Kyoto is the land of temples. Temples were everywhere. The choice was mind boggling. The largest temple or mostly the royal ones you needed to organise a visit, we thought this was too much hassle and focused on the others. We saw the golden temple, which is the famous one Kinkaku. There was also the Ryoan-Ji whivh a temple devoted to art of the Zen. They had a beautiful Zen garden. Kiyomizu-Dera was the cheesy one. It was a joy to be in this temple. There was a part of the temple where you need to walk with your eyes closed between two 18m apart stones and if you find the other stone you’ll find love. There were shops inside and loads of bustle with tourist and people selling tack. A great place to wander and enjoy the atmosphere. A religious place which
was fun but at the same time quite spiritual. There was also a dark cave in which you travelled through, completely dark and your guided to a rock by a rope where you make a wish. You completely lose yourself in the blackness and then you find this rock with very limited light around it. The whole experience symbolises entering a women. I didn’t really see any of that.
After a few days of temples we took a day out to Kyoto countryside. We went to a bamboo forest, which was one of my favourite days in Japan. I really liked ambling through bamboo, we had to follow a certain track and there was loads of ppl, but you cant really go anywhere in Japan without people. You were also blocked from actually wondering through the forest, but it was grand, simple and very beautiful. We then went to Arashiyama Monkey Park, which was F….U…N!! We had to climb a big hill to get there, but you could get as close you wanted to the monkeys, different to the tours we did in Bali, but these were not orang-utans. To feed the monkey you need to be in a
cage not the monkeys, they had a great playground and a great view of Kyoto. We walked round with the monkeys playing round us.

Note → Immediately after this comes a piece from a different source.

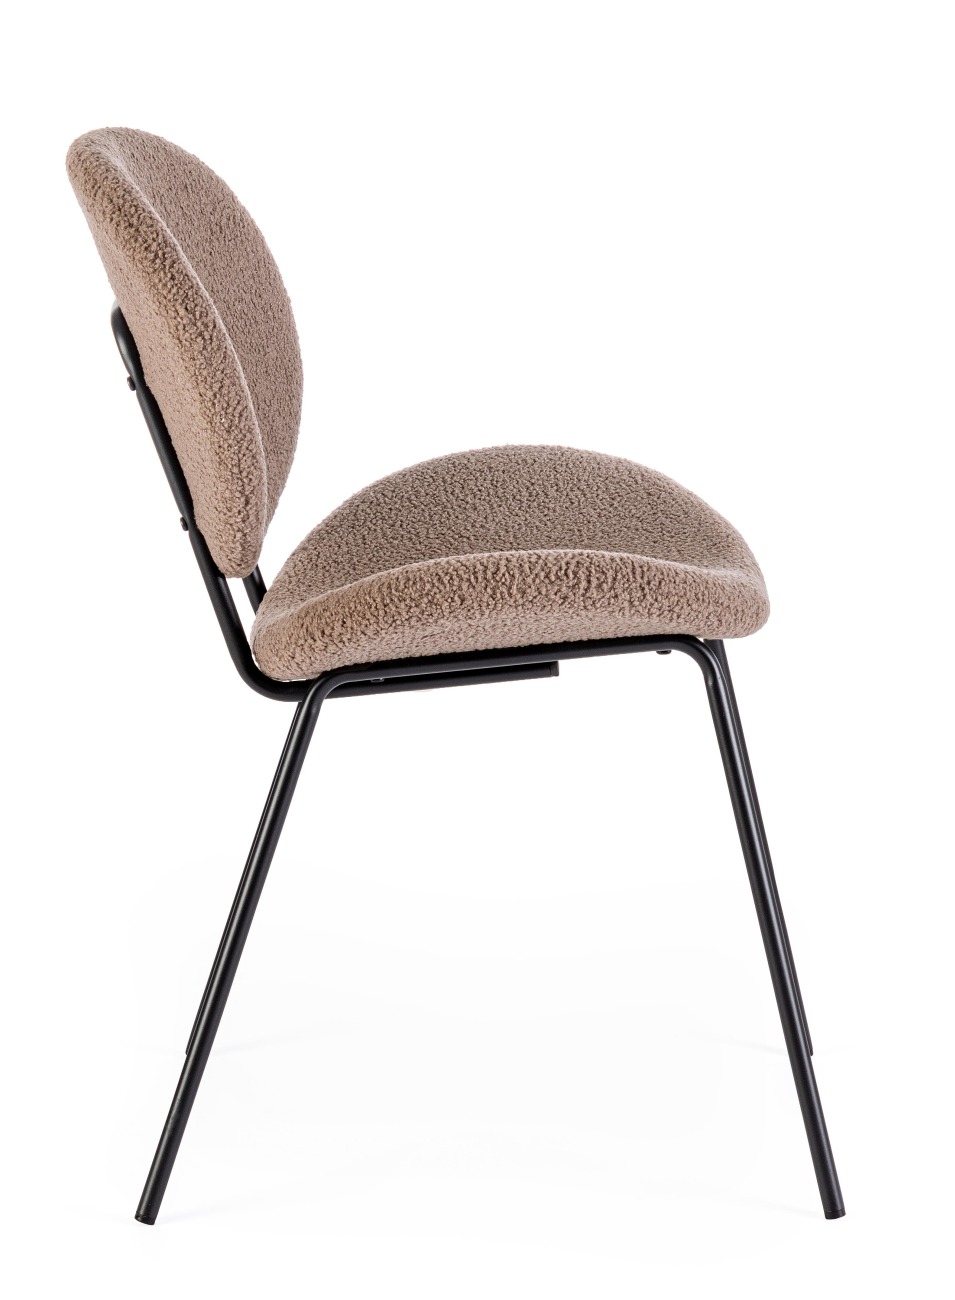 Der Esszimmerstuhl Maddie überzeugt mit seinem modernen Stil. Gefertigt wurde er aus Boucle-Stoff, welcher einen braunen Farbton besitzt. Das Gestell ist aus Metall und hat eine schwarze Farbe. Der Stuhl besitzt eine Sitzhöhe von 46 cm.

For my birthday we walked round the culture Gion looking out for Geisha and walking through some picturesque streets, typically old school Japanese style. We headed to the restaurant for the evening down Ponte-cho which is a street full of bar, pubs and restaurants. The meal wasn’t fantastic but it was nice to dress up and have something different to noodles. We then tried to find a cool bar which was recommended to us but we spend the whole night trying to look for it, we ended up in a random bar listening to a band and drinking the night away until it was obvious that the bar staff wanted the place for themselves for a bit of drinking. On our walk back home we couldn’t resist in taking a snap shop of how brilliant the Japanese queuing etiquette.